Energy Hub: Building an Energy Management Platform

Energy hub is an energy management platform that combines an interactive dashboard with the state of the art deep learning transformers architecture and online machine learning models for weather normalization purposes

📑 Table of Contents

• Introduction
• Description
• Dataset
• Live Demo
• Installation Requirements
• Installation and Execution
• Resources

📢 Introduction

Global energy consumption is expected to reach 225,000 TWh in 2035. Buildings’ energy usage stands for approximately 40% of the global demand while generating 30% of the CO2 emissions. All of this requires energy management professionals to have the right tools to track energy KPIs for data driven energy optimization, carbon modeling, and budgeting. This holds especially true with world leaders’ commitment to limit global warming effects through the signing of the Paris Climate Accords, which aims to limit global warming to 1.5 degrees Celsius. The goal of this project is to develop an analytical web application for buildings’ energy management. This app presents interactive visualizations to summarize energy KPIs. It is powered by a machine-learning based energy benchmarking solution for energy deviation reporting, as well as deep learning models to provide mid-term energy forecast.

ℹ️ Description

Our website is built using Dash Plotly framework and is made up of 4 main pages. In the home page we introduce the project and the team. Next, in the electricity modeling page we have a unique variety of filters that allows users to choose their aggregation level, chart duration, and which data elements to be shown on the charts among many other novel options. The goal is to allow users to compare electricity consumption of two buildings at a time. The other two pages allow the users to explore the energy usage of every building in the dataset per meter type and see the distribution of the primary/secondary usage for buildings in each site, as well as the average weather over 2016-2017 time period.
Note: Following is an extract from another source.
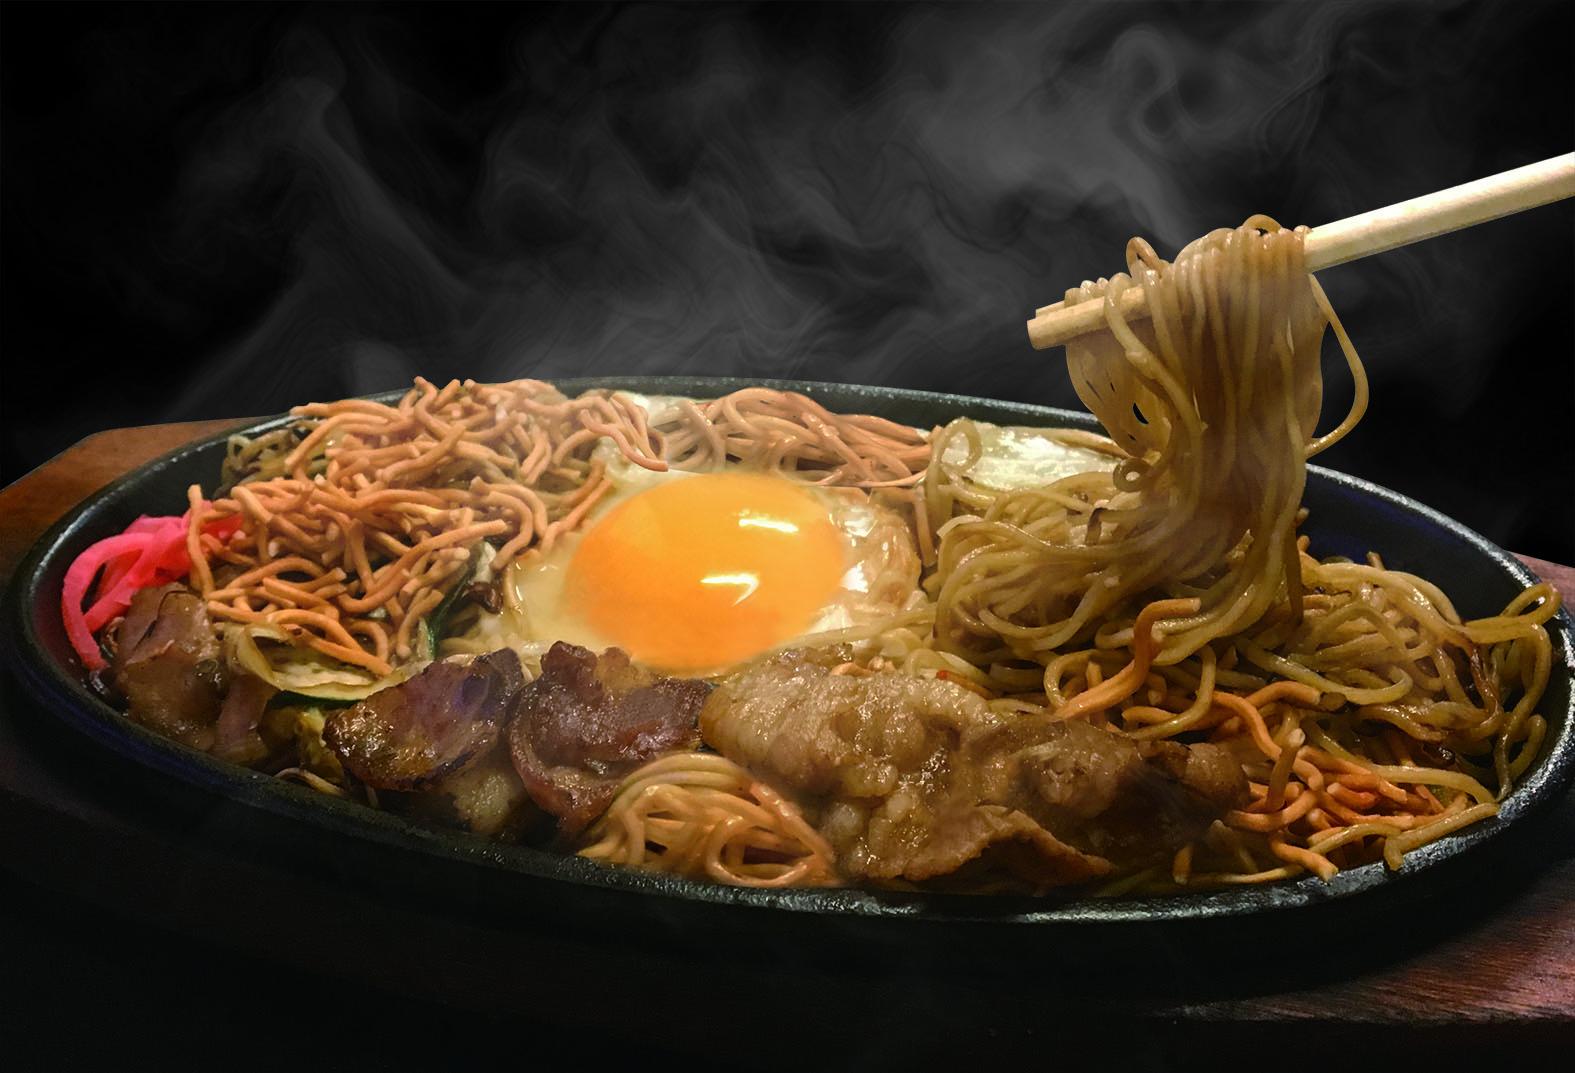 KENZO cafeの「博多焼きラーメン」の作り方

All the pages are mobile friendly and can be viewed on mobile or tablet.

ℹ️ Modeling

To simulate real life production system, we opted to do incremental normalization. Using RiverML, we converted our dataset into a data stream, where transformation, training, prediction, and updating happen one data point at a time. Model is updated using Stochastic Gradient Descent optimizer. Once the model was established at each time step, we set the weather features to fixed values: an air temperature of 25C, a dew temperature of 25C, wind direction and speed both at zero, and obtained the normalized values.    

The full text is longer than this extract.